Dear Friends and Relatives,
As the time to gather for holidays gets closer and gathering means eating, I want to explain what it means to be vegan to hopefully prevent misunderstandings. First, it is not a diet, per se. The reason to be vegan has nothing to do (for me) with eating healthier foods or losing weight, although those are two consequences of being vegan. Second, it is not a belief, like a religious belief, because as a matter of science humans are but one species of animal, and all animals suffer, just as humans do. I do “believe” that suffering is bad. I think you do too, if you consider it.
You might think that I shouldn’t care whether others eat meat or not, as long as I don’t have to, but a vegan does care, just as people care about dogs suffering that are chained up outside in the heat, or about monkeys stuck in cages for a lifetime for “science,” or as abolitionists in the past cared about slavery. As that last sentence shows, underlying veganism is the idea that we are all animals and the difference between the the human species and all the others does not give humans the right to inflict suffering on others, unless we adhere to the callous and unreasonable moral code of “might makes right.”

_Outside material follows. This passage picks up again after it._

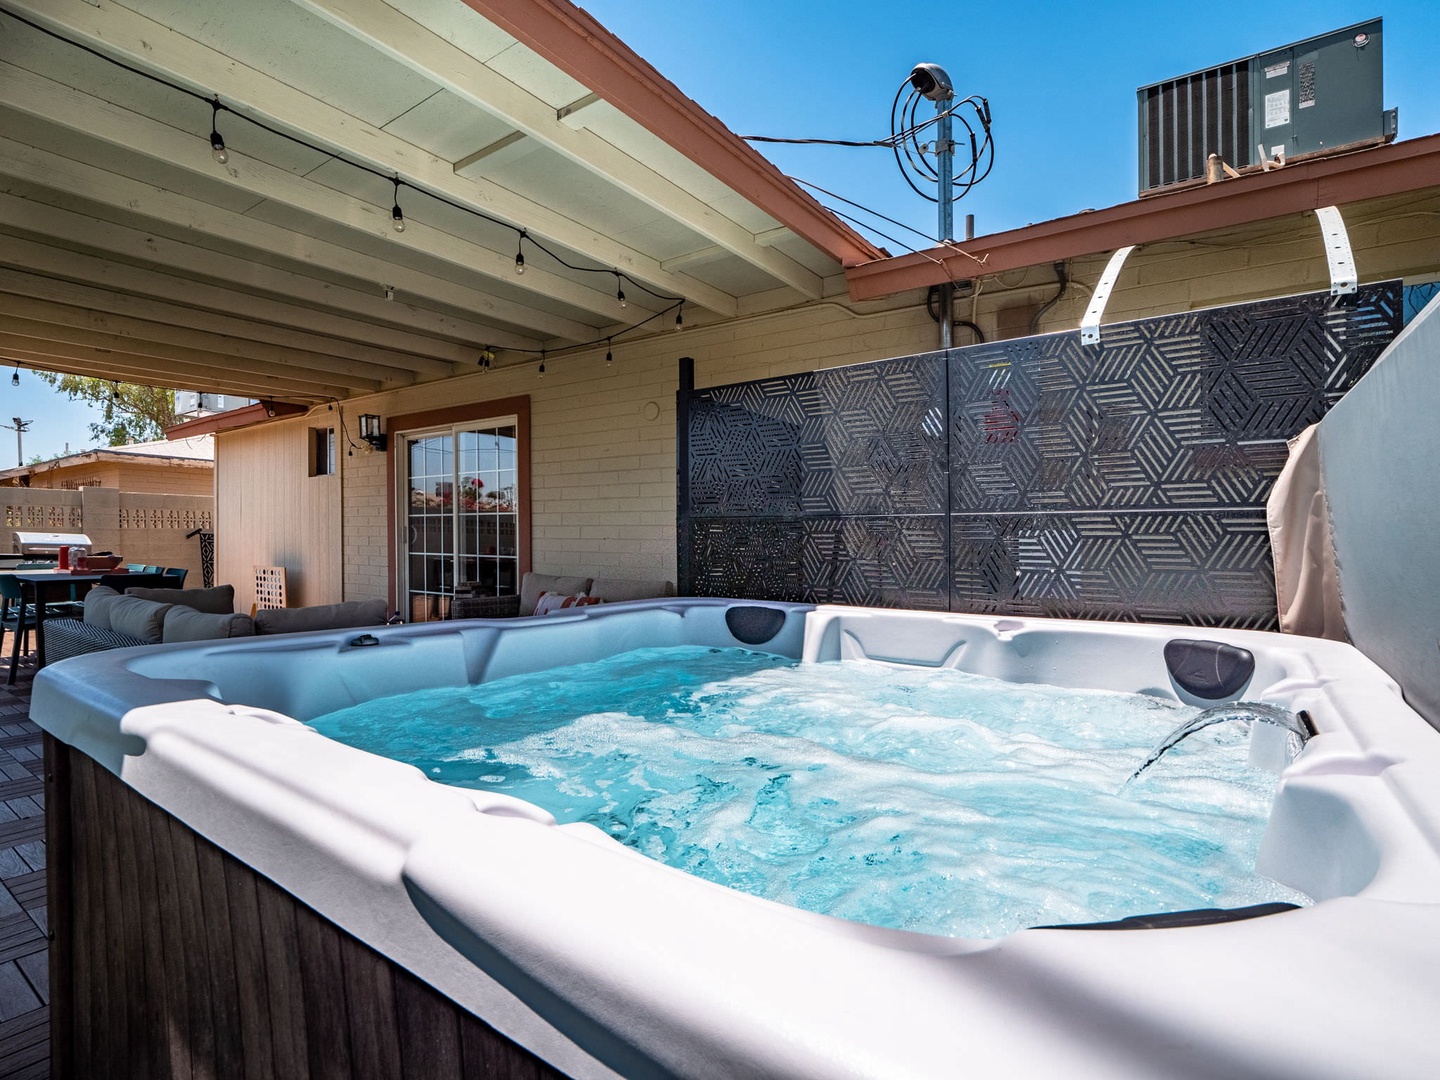 The hot tub is for exclusive use to the guests

One way to get an idea of the effect of meat is to imagine that you had a Chinese guest who brought dog casserole to a pot luck dinner. You would not like the thought or the sight of a chopped up dog or even better puppy (the equivalent of veal, lamb, or certain pig dishes) on your table. So, if I ask you to please not bring those “pigs in a blanket” or if I decline the invitation to come to your house and “just eat the vegetables,” keep that visual of puppy fricassee in mind.
I just wish that my perspective would at least spark some curiosity so you would look into what goes on to produce that piece of meat on your plate: a loving, sociable creature lived a life of torment and died a terrifying death. Such suffering does not add to any holiday spirit.